Mike is their dad, the only dad they’ve ever known. And Nathan and Ben have turned out to be kind and thoughtful young men, with no signs of vanity, proving that nurture can be more powerful than nature when it comes to bringing up children.

“How was the match?” Ellie shouts as she runs down the stairs and throws herself into her dad’s arms. “Did we win?”

With her red curls, green eyes and creamy skin, Ellie is a mix of Mike and a Rossetti painting. Her looks are those of Rossetti’s women, but her sparkly personalit­y and sweet nature are pure Mike.

Then it’s my turn for a hug.

“Hi, gorgeous,” he says, almost lifting me off my feet and giving me a huge smacker on the lips.

“Ugh, get a room, will you?” Ben says in mock disgust.

We just laugh – me and my very special husband.

When I look back to those days when we worked together, I realise that

Mike was always special, and that no way was he ever Mr Average. I was too young and too shallow to see it.

Mind you, I do remember feeling a bit jealous after the Blackpool trip.
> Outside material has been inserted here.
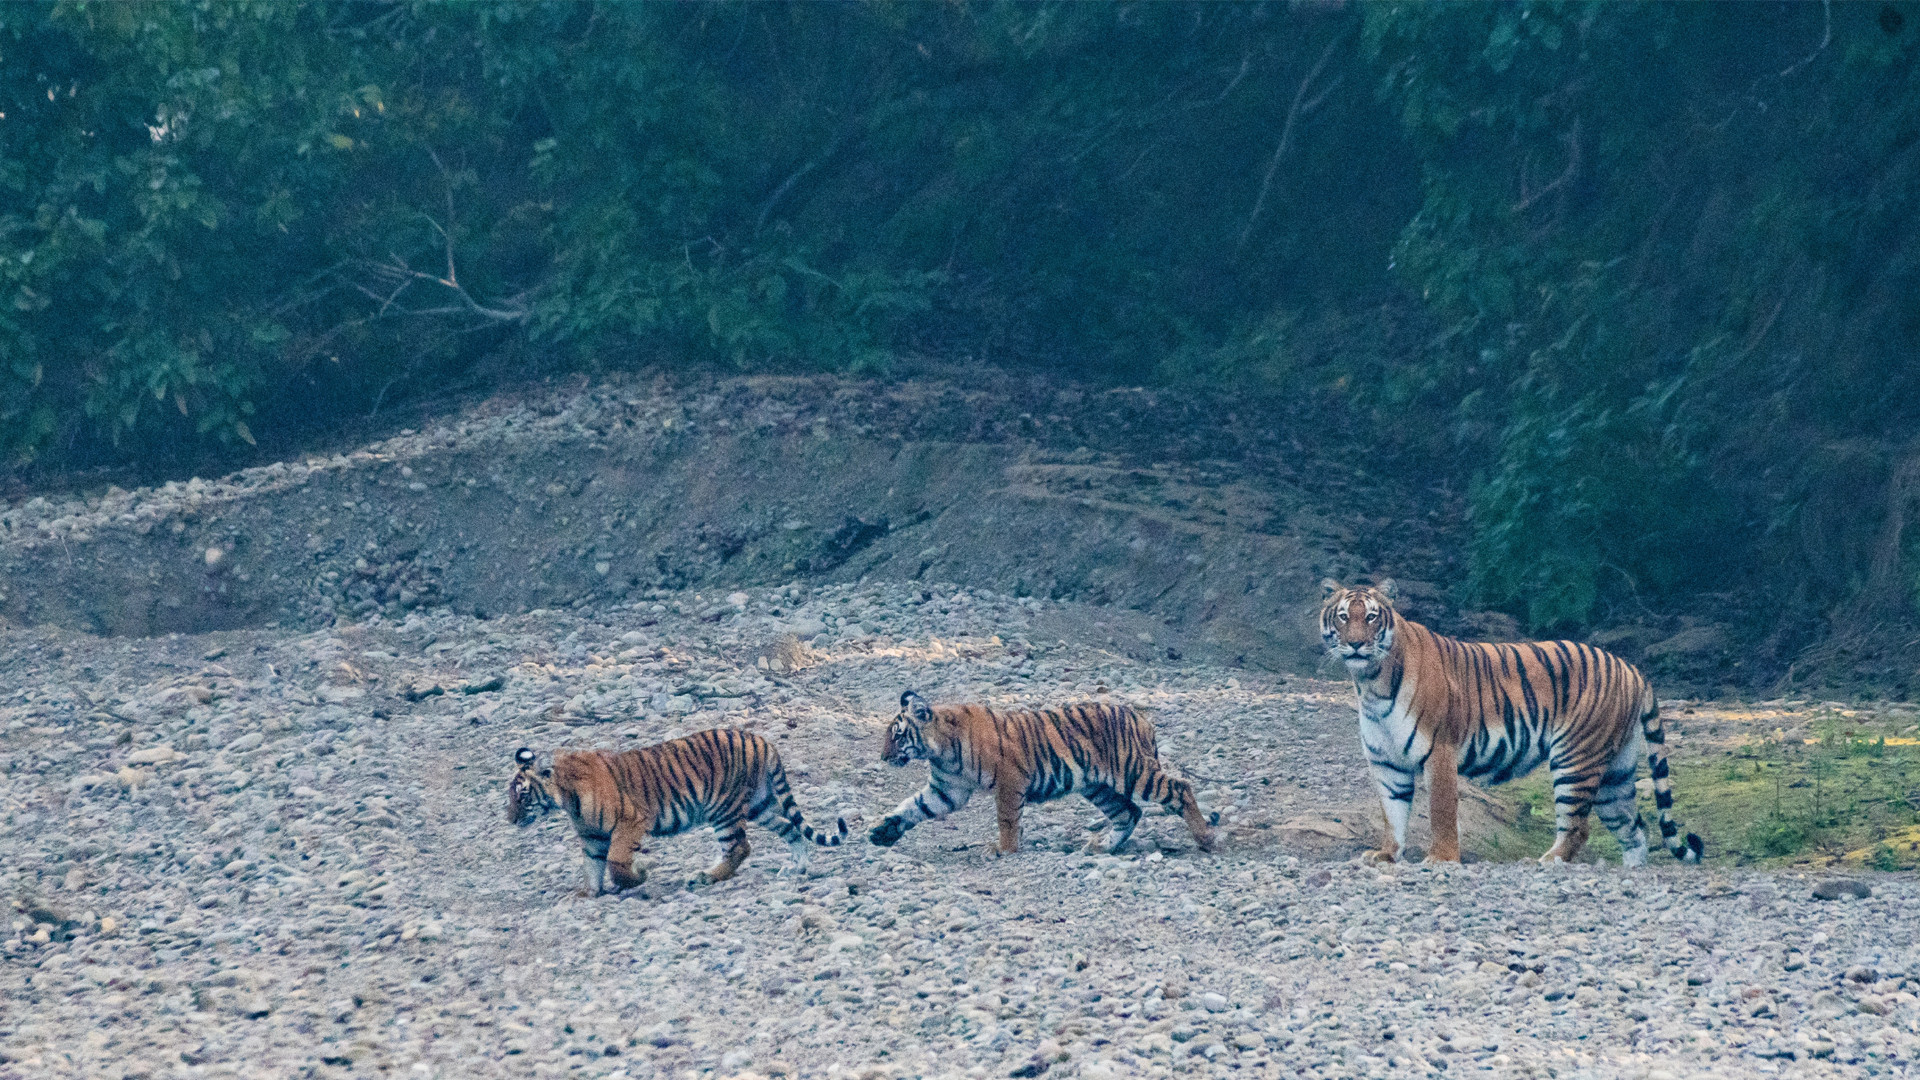 tiger-deepak rajbanshi-bardiya-wildlife1706927193.jpg

For the next few days Mike went out of his way to flirt with the secretary whenever she came into our office.

For a while there I was no longer the centre of Mike’s attention. And I didn’t like it. Shouldn’t that have told me something?

As for my line-up of boring ex-boyfriends, they do have a purpose, after all. Because counting them, when I can’t get to sleep at night, is simply me counting my mistakes.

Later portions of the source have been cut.